Not only should you buy the right size system for your home, but the way you use and maintain it will also help you get the most benefit from a new reverse-cycle air conditioner. These are some of the factors that can influence the efficiency of your heating and cooling.
Setting the temperature for different weather
To heat a room, try setting the temperature between 18°C to 20°C. Every 1°C higher will add around 10% to your heating bill.
Set your air conditioner thermostat for cooling between 24°C and 26°C for living areas – every degree lower in summer will increase running costs by around 10%.
Avoid heating or cooling empty rooms
In general, it is inefficient to heat or cool rooms if no one is using the room. Some systems have movement sensors that reduces the power when no one is in the room, so this could be a handy feature to look for when shopping around. If not, it might be best to turn the reverse-cycle air conditioner off when you are not home.
If your appliance has a programmable timer, you could set it to turn on or off automatically, so that your space is already warmed or cooled when you arrive home. This could be especially beneficial for homes with solar panels when the unit is powered by solar during the day while the energy is being generated.
It is cheaper to turn the cooling or heating off or down overnight while sleeping, and on again when you get up, or to set a timer to start warming or cooling just before you get up. A ceiling or pedestal fan could keep you comfortable during warmer nights and cost less to run but this will depend on the efficiency of the fan.

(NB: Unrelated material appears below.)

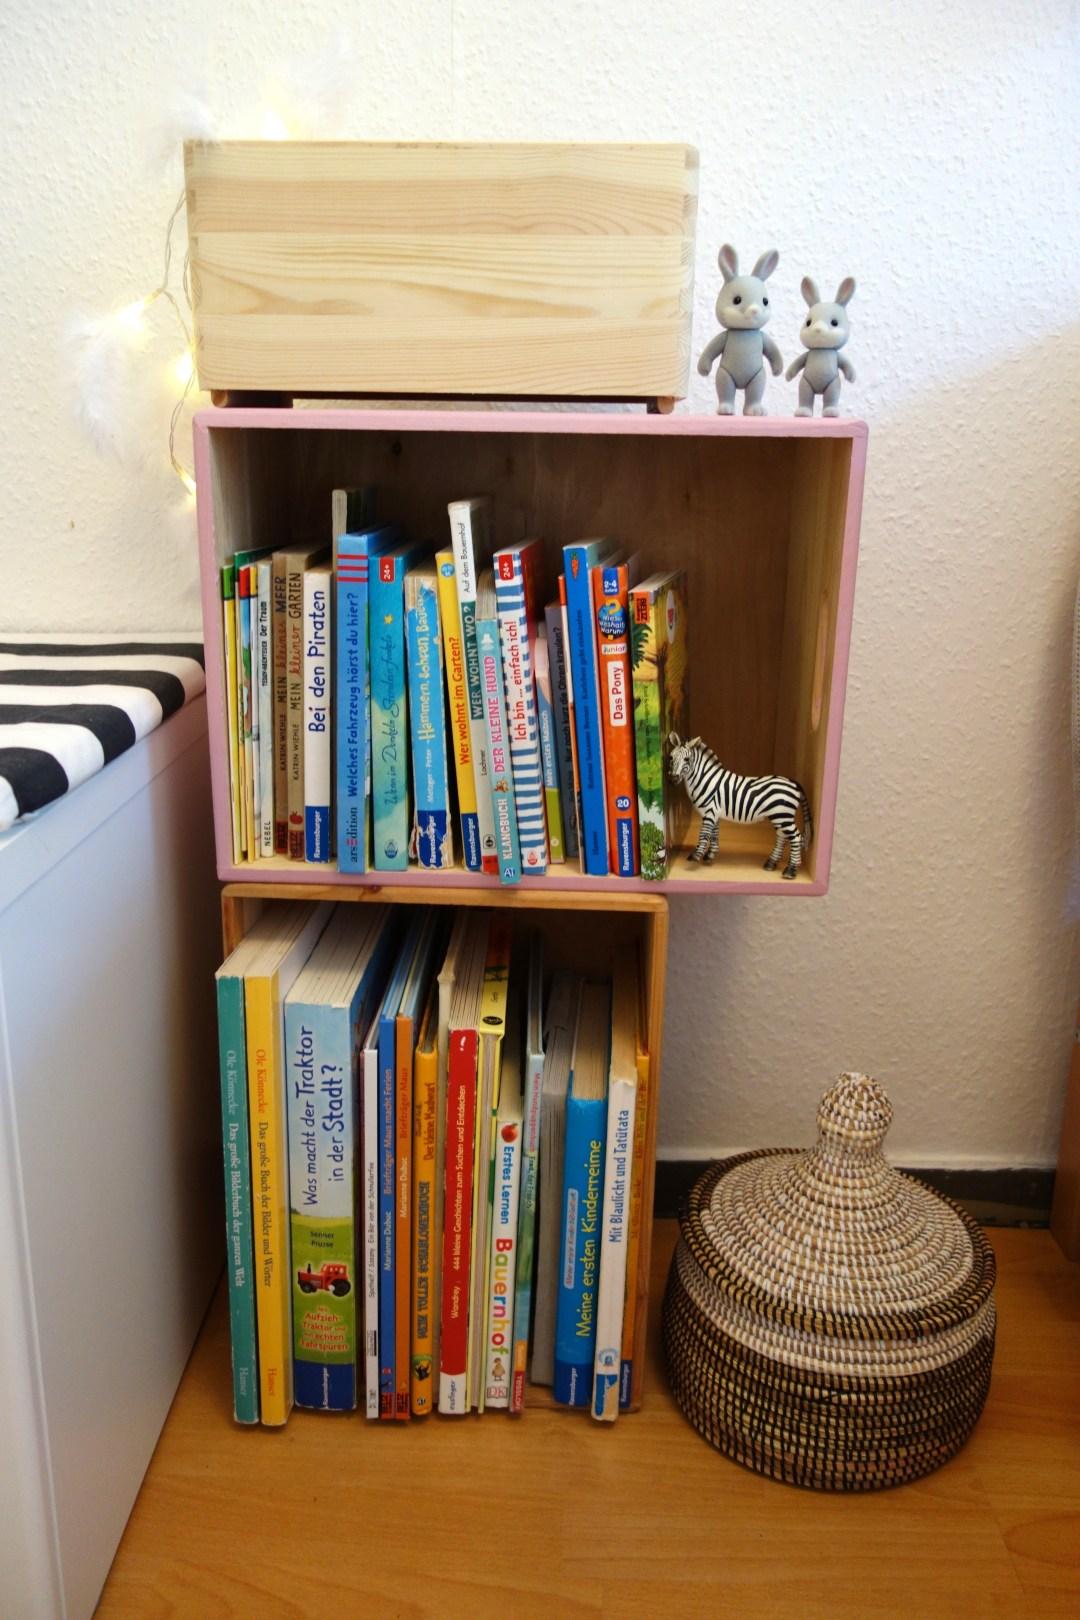 Full Size of Regale Kinderzimmer Sofa Regal Weiß Kinderzimmer Kinderzimmer Bücherregal

Some reverse-cycle air conditioners have an economy setting, or a ‘fan only’ mode which reduces energy use by maintaining moderate rather than cold temperatures and could cost less to run than air conditioning mode.
Doors and windows
In summer, take advantage of temperature drops in the evening and where practicable, open windows to bring cool breezes indoors
If you can, close off doors to the room where your reverse-cycle air conditioner is located to keep the heat (or cooled air) contained.
When heating a room, closing curtains or blinds will reduce heat escaping the home. Likewise, external shades on windows can reduce the heat entering your home in the first place.
Draughts and gaps under doors or windows will also allow air to leak from the room or allow outside temperatures which will reduce the performance or the unit.
Regular maintenance and cleaning of filters will ensure that your unit continues to work well for longer.
Check the manufacturer’s instructions or manual and have the air conditioner serviced regularly at the recommended frequency to ensure it continues to operate efficiently.
Cleaning the filters regularly helps the system operate effectively. Aim to clean the dust filters inside the plastic cover about twice a year, or more often if you use the unit very regularly. The filters should be easily removeable so that you can take them outdoors for a good shake or brush or check the unit’s manual for instructions.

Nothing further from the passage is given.